Первой мыслью было: «не больно». Я потянулся и снова почувствовал ноги. Захотелось смеяться в голос и кричать от радости. Боли в спине тоже не было, что странно. После операции на позвоночнике, каким бы обезболом тебя не накачали, швы чешутся и зудят, как проклятые. Лежать на спине просто невозможно, а я лежал на спине и ничего не болело. Только койка была странно жесткой и холодной, как будто бы нет простыни.
Я открыл глаза и сразу же захотелось зажмуриться, потому что в лицо смотрело дуло револьвера. Пистолет сжимал бледный мужчина примерно моих лет в белом халате.
- Без фокусов. – Голос доктора дрожал. – Ты не мой сын, демон!
Откуда, вашу мать, поехавший вооруженный врач в клинике в центре Питера? Где он вообще раздобыл ствол? Я вспомнил свой сон и еле сдержал матюки. Тем временем доктор продолжал тараторить, дергая глазом:
- Мой сын умер от передозировки, ровно шестнадцать часов назад. Жена не вынесла бы этой новости, и я пошел на преступление перед церковью и родом людским, призвав тебя, демон. Я знаю цену. Моя душа, мой Дар, в обмен на то, что до гибели моей супруги, ты притворишься моим сыном и будешь жить, как примерный юноша из благородной семьи. Ты не в праве способствовать моей смерти или смерти моей супруги явно или опосредованно, более того, ты всячески будешь охранять ее жизнь до смерти от естественных причин, используя лишь возможности тела моего сына, без всяких демонических способностей или проявлений. До смерти моей супруги, ты не будешь пожирать души и строить какие-либо козни против рода людского. После ее гибели, ты волен творить, все что тебе вздумается, демон. Контракт составлен и подписан кровью. – Выглядел доктор, как главный герой из старых американских фильмов: узкие усики, черные волосы зализаны назад, под белым халатом скрывался старомодный пиджак. Только вот судя по кругам под глазами и дрожащему голосу, ему пришлось не сладко.
- Эхм… а можно мне нормального врача? – голос звучал странно. Во рту совершенно не было слюны и такое чувство, что я месяц не чистил зубы. Возможно, глупо перечить человеку с пистолетом, но я буквально не знал, как вести себя, когда в лицо тычет стволом какой-то поехавший. Позже, я, конечно, придумаю два десятка правильных и остроумных ответов. Если это позже наступит.

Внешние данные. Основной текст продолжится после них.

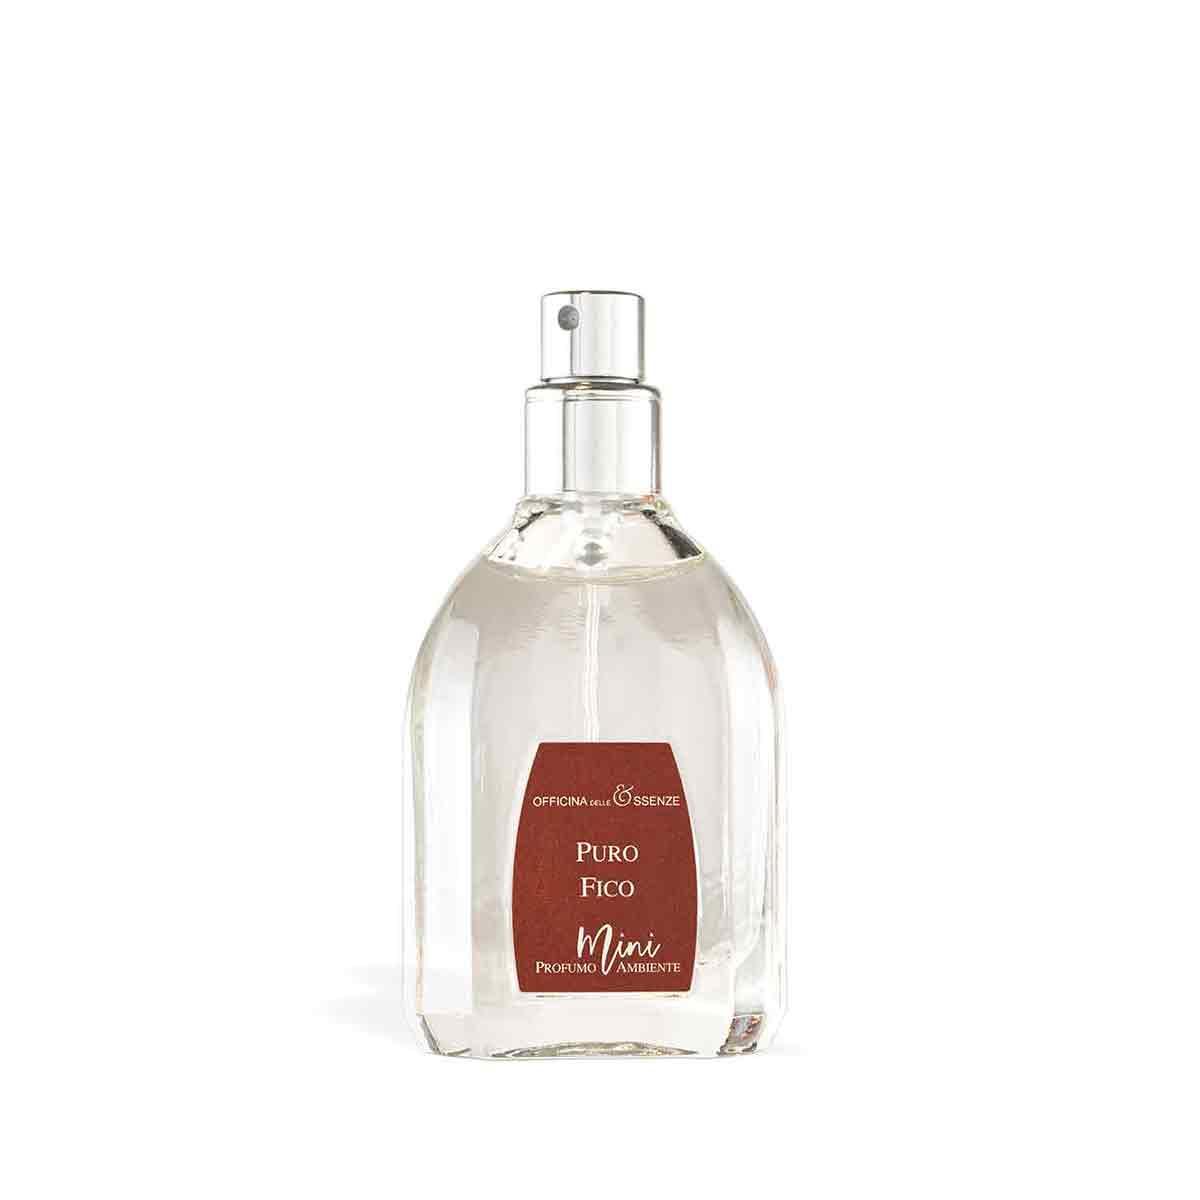 Mini profumo ambiente Puro Fico da 25 ml

- Если ты что-то выкинешь, я выстрелю. – Мужчина дал петуха, пистолет в руке дрожал. – Я призвал тебя и я же отправлю тебя в ад, если понадобится!
Жить мне очень хотелось. Хотя бы потому, что у меня ничего не болело.
- Расскажи мне о своём сыне – сказал я. И добавил: – смертный.
- Я… мне сложно. Я напишу, каким он был… мне надо выпить.
- Опусти уже пистолет. – Я медленно поднял руку, чтобы аккуратно отвести ствол в сторону и снова не сдержал мата. Рука была не моя. Тонкая, подростковая, на тыльной стороне ладони был отвратительного качества партак. Серп и молот. Поймите правильно, я ничего не имею против татуировок, мои руки были забиты цветными драконами в европейском стиле. Но вот маленькие, кривые уродские татуировки не признаю.
- Что, в аду не любят коммунистов? – Доктор грустно усмехнулся, отводя пистолет в сторону.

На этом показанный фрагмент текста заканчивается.